L’article 51 de la nouvelle Constitution interdit aux binationaux d’accéder à de hautes responsabilités. Mais ceux-ci, à l’image de Baya Si Hassen-Benhassine, ne s’en laissent pas conter.

Au lendemain de l’adoption de la révision de la Constitution, les opposants à l’article 51 broient du noir. « J’espérais que cette polémique allait donner un résultat », confie, désabusée, au Point Afrique Baya Si Hassen-Benhassine, dont le texte Algérienne, binationale, résidente à l’étranger… et future citoyenne de seconde zone , largement repris dans les médias, a allumé l’étincelle de la contestation. « Mais ce vote est un nouveau coup de massue », témoigne cette médecin née en Algérie et résidente aux États-Unis, qui raconte avoir pris la plume pour crier sa colère et son indignation après avoir pris connaissance de l’article 51. « Au départ, c’était une simple discussion, puis j’ai voulu aller plus loin en vérifiant si cette règle était la norme dans les autres pays », retrace-t-elle.

Un détail bien trop gros

À l’aide du site Constitute Project rassemblant les Constitutions des pays du monde entier, Baya Benhassine se livre à un minutieux travail de comparaison et en arrive à la conclusion qu’« avec cet article 51, l’Algérie rejoint non seulement cette minorité de 10 % des pays de la planète excluant les binationaux des postes ministériels, mais aussi les 1 % des pays qui excluent les binationaux des hautes fonctions de l’État ». « Soudain, avec cette nouvelle grille, ce détail d’un détail dans le projet de révision de la Constitution prenait une autre dimension », commente Baya Benhassine. « C’est ainsi que j’ai décidé d’envoyer le texte aux médias et de créer la page Facebook « Citoyens algériens égaux devant la Constitution » destinée à fédérer tous ceux et celles qui, à l’étranger et en Algérie, étaient contre cette disposition ». Les réactions sont immédiates. « Il y a d’abord eu beaucoup de like, puis les commentaires sont arrivés, partagés : d’un côté, il y avait ceux qui saluaient l’initiative en écrivant : Bravo, battez-vous ! et de l’autre, ceux qui estimaient qu’on ne pouvait être qu’à l’écart en étant binationaux et à l’étranger », retrace Baya Benhassine. « On espérait que ça fasse boule de neige et que ça ait un impact sur le vote », livre celle qui ne décolère pas de « cette mise à l’écart honteuse et douloureuse ».

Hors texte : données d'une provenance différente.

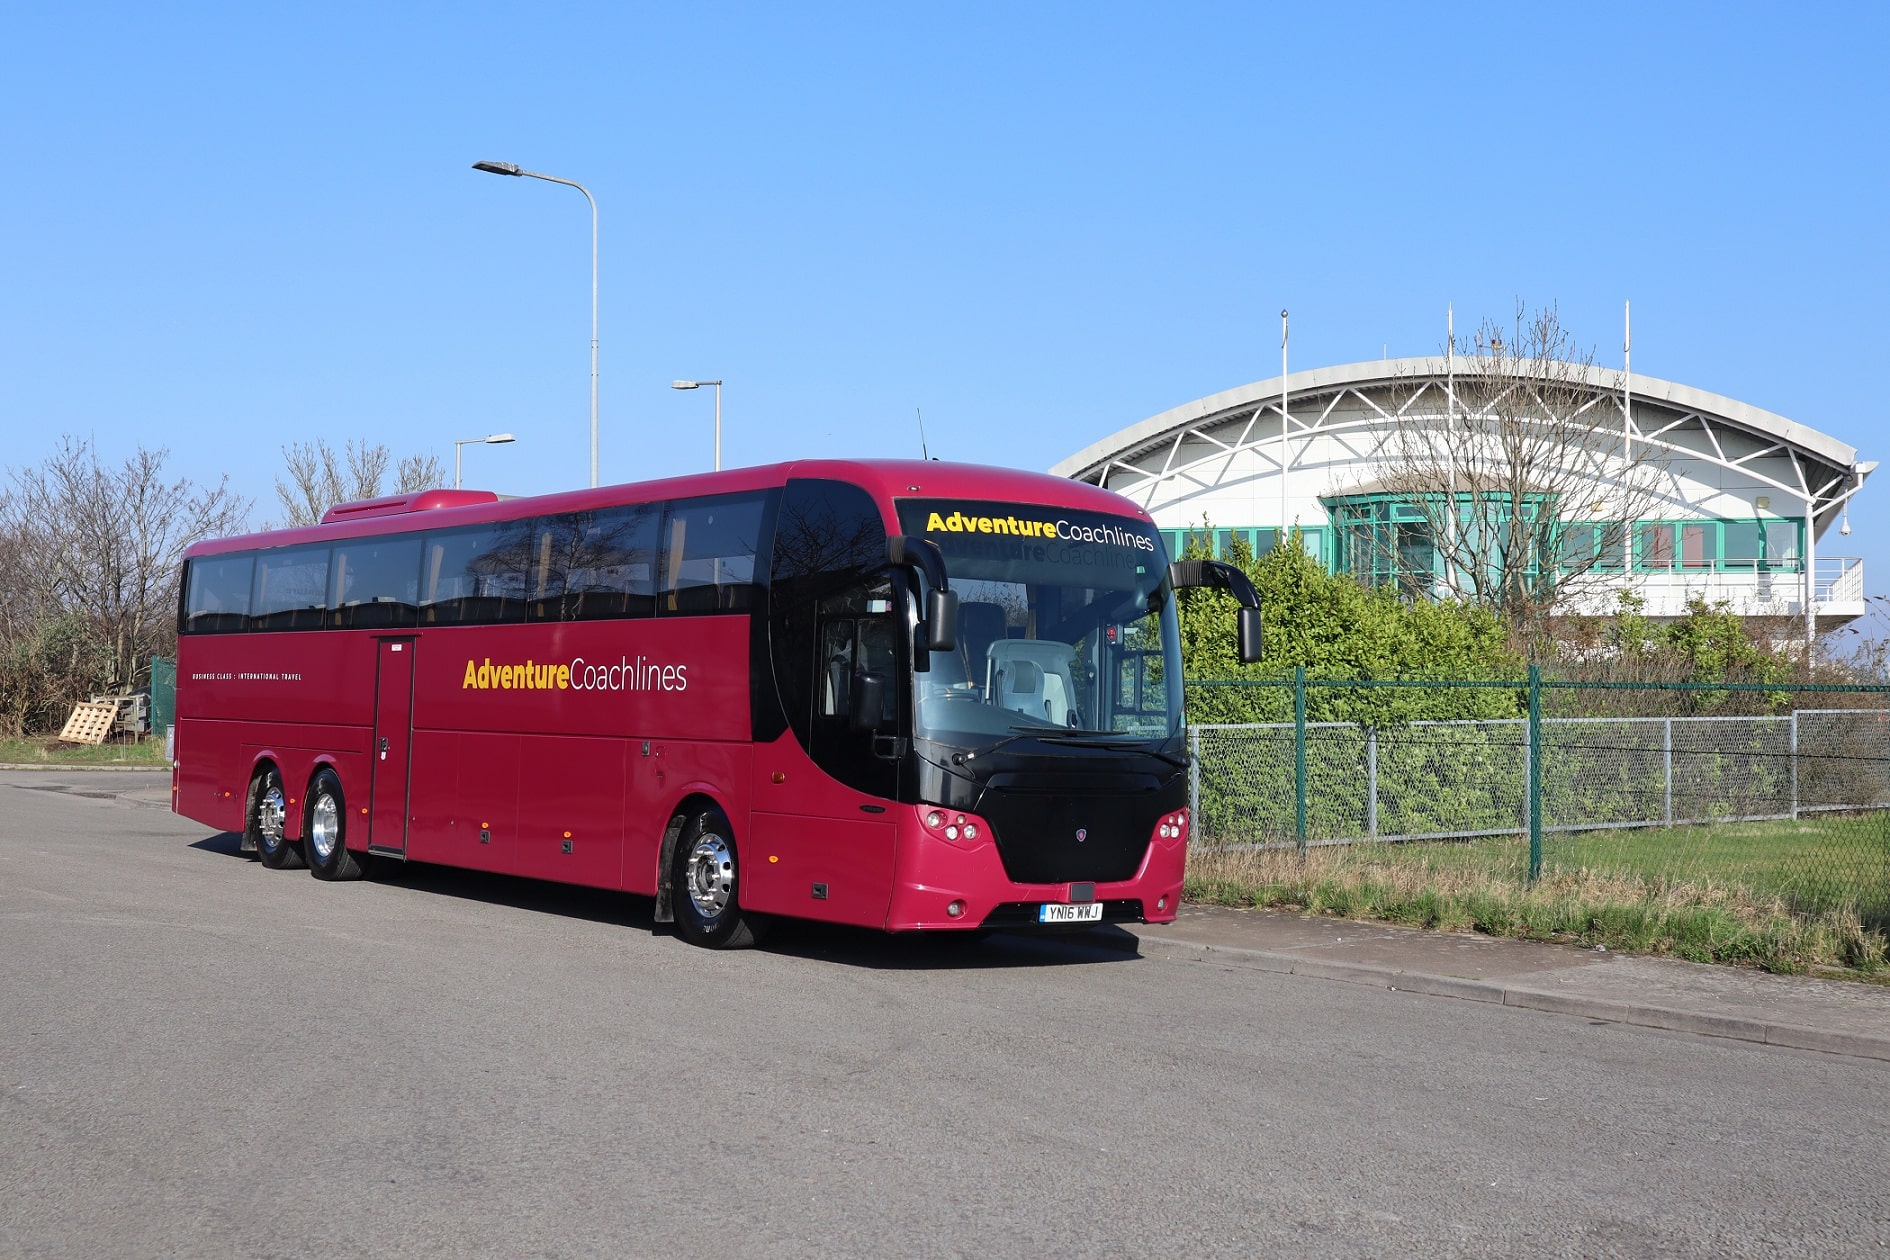 Coach hire rates should be reset from 2022 onwards

Des assurances sans provisions

Si la mobilisation contre l’article 51 n’a pas abouti au résultat voulu par les contestataires, à savoir son abrogation, elle a cependant gêné les autorités algériennes qui ont été contraintes de se justifier face à l’ampleur du mouvement. Une instruction du président de la République, Abdelaziz Bouteflika, est ainsi venue préciser qu’« une loi déterminera la liste des hautes fonctions de l’État auxquelles les Algériens ayant une double nationalité peuvent accéder ». « L’article 51 du projet de révision constitutionnelle concerne exclusivement les fonctions supérieures et sensibles de l’État, à l’instar de la sécurité de la nation et la sécurité financière du pays », a de nouveau clarifié, quelques jours avant le vote, le Premier ministre Abdelmalek Sellal, ajoutant que des « textes de loi viendront expliciter l’article 51 […] après adoption du projet de révision de la Constitution » et que « ce texte ne vise aucunement nos frères à l’étranger ». Des déclarations qui n’ont pas tranquillisé Baya Benhassine. « Je reste sceptique, c’est comme si on avait signé un chèque en blanc. »

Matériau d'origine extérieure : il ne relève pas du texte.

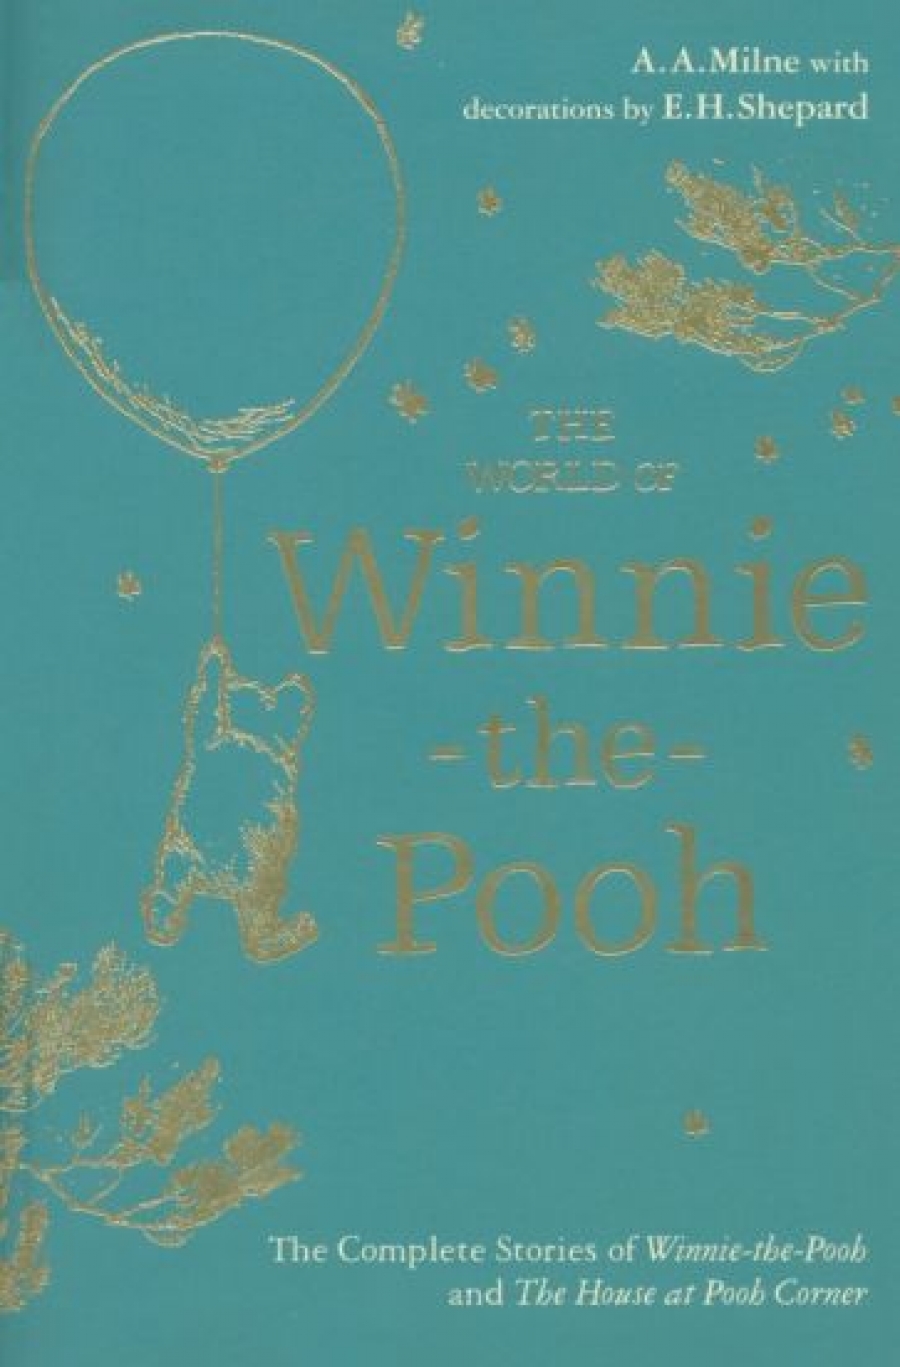 Milne A. A. Winnie-the-Pooh. The World of Winnie-the-Pooh

Absence de relais entre le débat et les décideurs

Le constat d’une déconnexion entre le débat public et le débat au niveau du vote et des représentants du peuple désole aussi Baya Benhassine. « Finalement, les questions et contradictions soulevées n’ont pas été reprises par ceux qui nous représentent », pointe-t-elle à l’heure du bilan. « Il y a eu un débat, mais il s’est arrêté et on reste sur une frustration », conclut Baya Benhassine. Non sans relever l’impact négatif sur les générations futures. « Quelle image laisse-t-on à nos enfants ? Celle d’un pays qui leur dit qu’ils sont à demi algériens ?! »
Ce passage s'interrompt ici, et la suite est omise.